Вечером сотрудники местного ОБХСС перехватили возвращавшегося с работы Стаса и доставили в своё управление. Жечков — автор всей оперативной комбинации — присутствовал на допросе под видом рядового оперативника. Вначале Стаса прижали «неопровержимыми свидетельствами», обвинив его в краже запчастей со станции техобслуживания, где он работал. Затем, не сбавляя напора, оперативники заявили, что им доподлинно известно, что ворованные детали он вместе с Самохиным использовал в левом ремонте, которым они вдвоём занимались в частном гараже. Для пущей правдоподобности они сообщили ему об одном из клиентов, машина которого была использована для «контрольного» ремонта, и что все установленные на неё детали запротоколированы как ворованные. Психическая атака удалась. Стас растерялся: на станции техобслуживания, конечно, воровали и директор был в доле, но теперь, когда начали копать, всё это дело вешали на него, поскольку ранее он был судим за воровство. Уже без особой веры в собственное спасение, Стас, словно на автомате, повторял вновь и вновь, что они с Самохиным приобретали детали в магазинах.
— В каком же магазине, интересно, вы покупали распредвалы? Если ты вспомнишь адрес, я завтра же с утра туда мотанусь, — иронизировал оперативник.
— Мы его по гарантии из Тольятти получили.
— Да неужели? А судя по инвентарному номеру, он со склада вашего техцентра. Каким образом он перекочевал в частный гараж?
— У меня на него есть документы с завода, — оправдывался Стас.
— Какие у тебя могут быть документы на ворованную вещь?

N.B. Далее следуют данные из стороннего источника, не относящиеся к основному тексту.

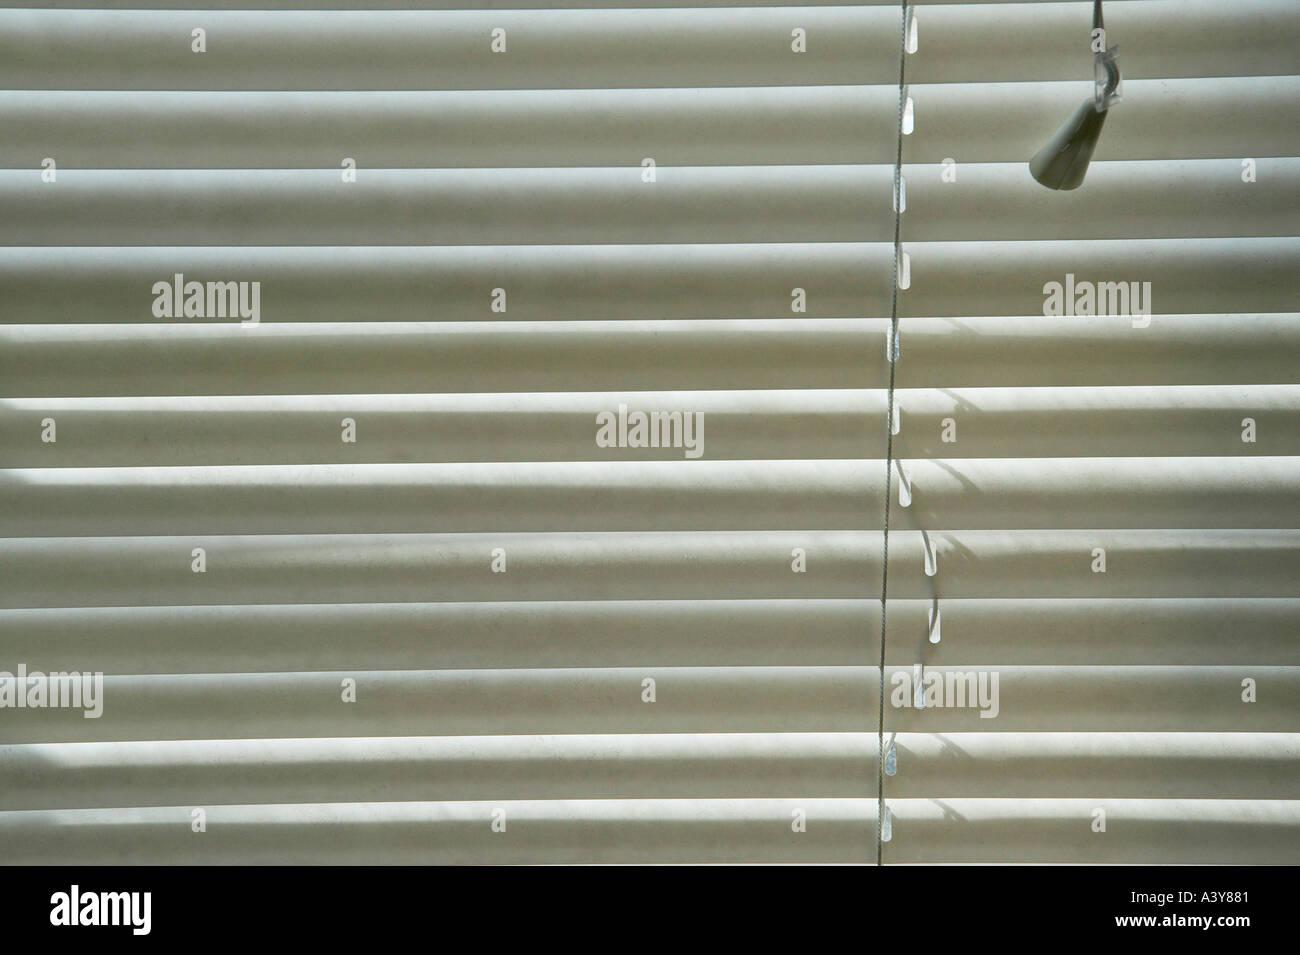 white plastic venetian blinds on window stock photo. Black Bedroom Furniture Sets. Home Design Ideas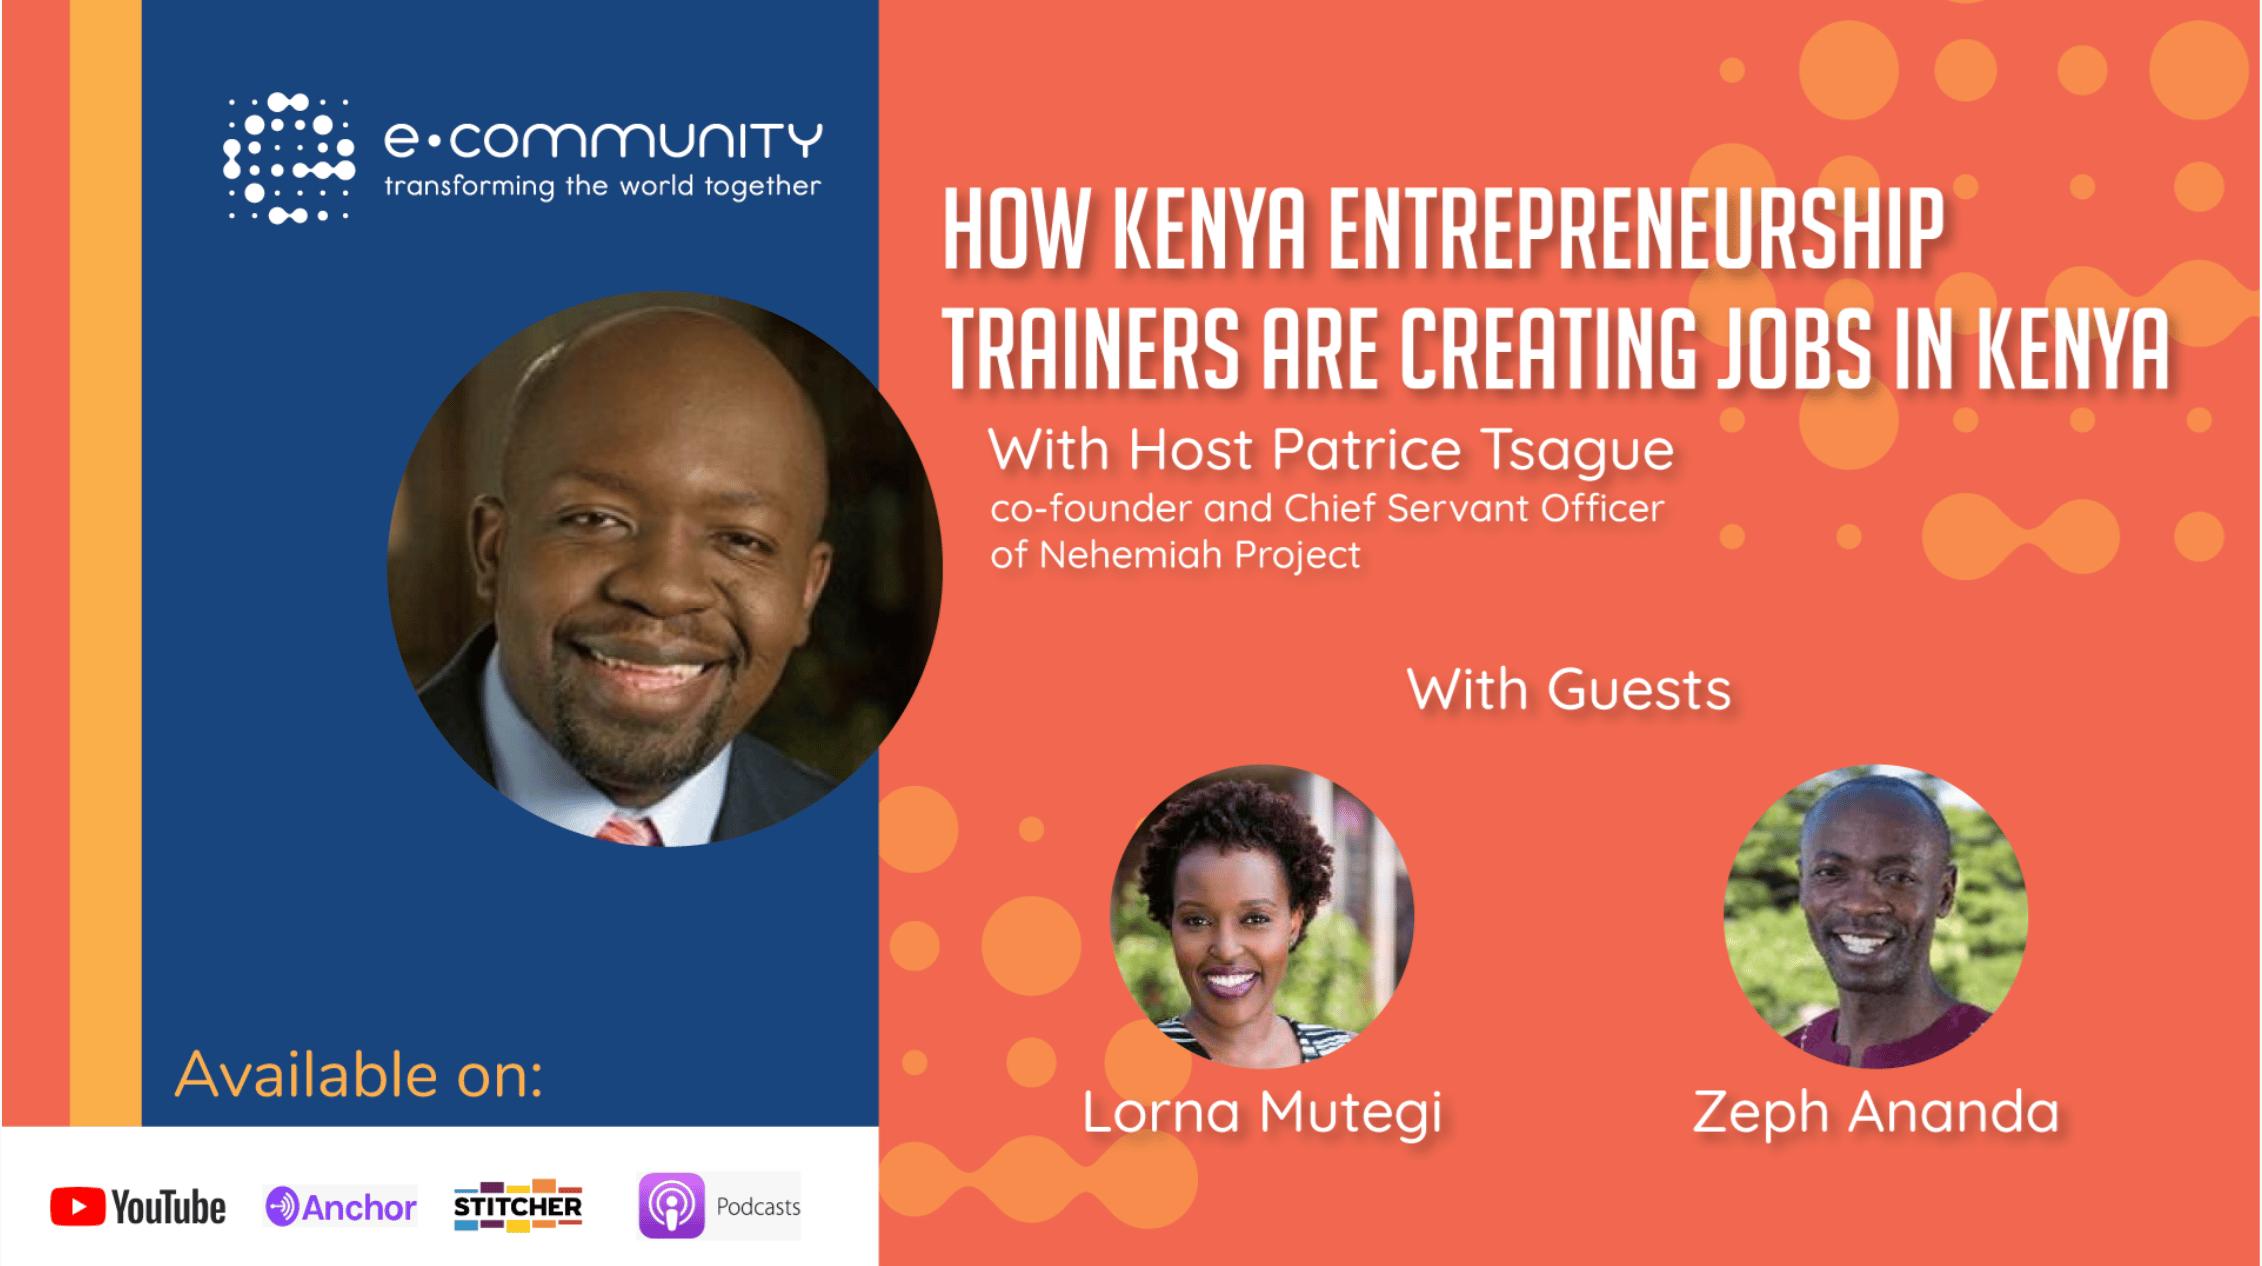 How Entrepreneurship Trainers are Creating Jobs in Kenya.

В отчаянии Стас сам предложил проехаться по всем гаражам и убедиться в наличии товарных чеков и документов.
— Кто из вас двоих снимал гаражи? — как бы для общей справки, спросил Жечков.
— Я снимал.
— Сколько ты снял гаражей?
— Три.
— Зачем вам столько?
— Самохин сказал, что будем расширяться, наймём слесарей.
— В каком из гаражей хранятся детали с чеками?
— В первом.
— Тогда поехали по гаражам, покажешь нам чеки, — достигнув главной цели всей инсценировки, предложил Жечков,
В два часа ночи, когда припугнутого Стаса уже отвезли домой, Жечков вместе с Валтоненом продолжали осмотр третьего по счёту гаража. Несмотря на отсутствие в нём автомобиля, им пришлось достаточно долго изучать содержимое многочисленных ящиков и стеллажей. На первый взгляд никаких улик здесь не было, — обычный гаражный хлам. …Пока Жечков не вскрыл очередную промасленную потрепанную коробку и не извлёк из неё большой серебристый летный шлем с забралом из чёрного плекса.
Сыщики молча посмотрели друг на друга. Никаких слов и не требовалось. Во взгляде Валтонена присутствовала плохо скрываемая, но хорошая, профессиональная зависть: всего за два дня пребывания в Карелии его коллега из Москвы настолько глубоко продвинулся в расследовании мёртвых, казалось бы, дел. Стоя под бледной лампой гаража, Жечков держал в руках, возможно, важнейшую улику: шлем военного летчика с большой степенью вероятности мог находиться в автомобиле пропавшего прошлым летом вместе с женой майора Филиппенко. Но это ещё требовалось доказать. И, как всегда у Жечкова, сделать это надо было срочно.
В одиннадцать часов утра не выспавшийся Валтонен с большой коробкой в руках уже вылетел в Мурманск. Далее его путь лежал в Сафоново, точнее, на военный аэродром в его окрестностях, где служил майор Филиппенко.
Суровые, привыкшие скрывать свои эмоции летчики, были заметно взволнованы, когда Валтонен предъявил им для опознания серебристый шлем. Никто в части не сомневался, что супруги Филиппенко были убиты, скорее всего, из-за новой «двадцать четвёртой» «Волги», купленной буквально накануне той роковой поездки. И вот теперь следователь привёз этот шлем, словно, в подтверждение, что их боевого товарища больше нет на земле.
— Шлемы индивидуальные, но зелёнкой мы, конечно, фамилию на них не пишем. Просто у каждого пилота свой личный шкаф, — объяснили лётчики Валтонену.
— То есть этот шлем мог принадлежать не Филиппенко, а любому другому лётчику?
— Конечно мог. Но это — его шлем, — ответил один из сослуживцев Филиппенко.
— Как вы это определили?
— Это старая, списанная модель. В таких уже лет десять не летают. Многие их брали на память. Филиппенко, к примеру.
— Почему вы считаете, что этот шлем принадлежит именно ему, ведь вы сказали, что многие оставляли их себе на память?
— Потому что я знаю, что он повёз его в подарок своему племяннику. Я их провожал тогда в Сафоново. Он положил его на заднюю полку под стекло, а я, еще помню, пошутил: «Что, с гаишниками собираешься махаться?». А он ответил, что племянник очень просил. Вот такие дела, — грустно закончил лётчик.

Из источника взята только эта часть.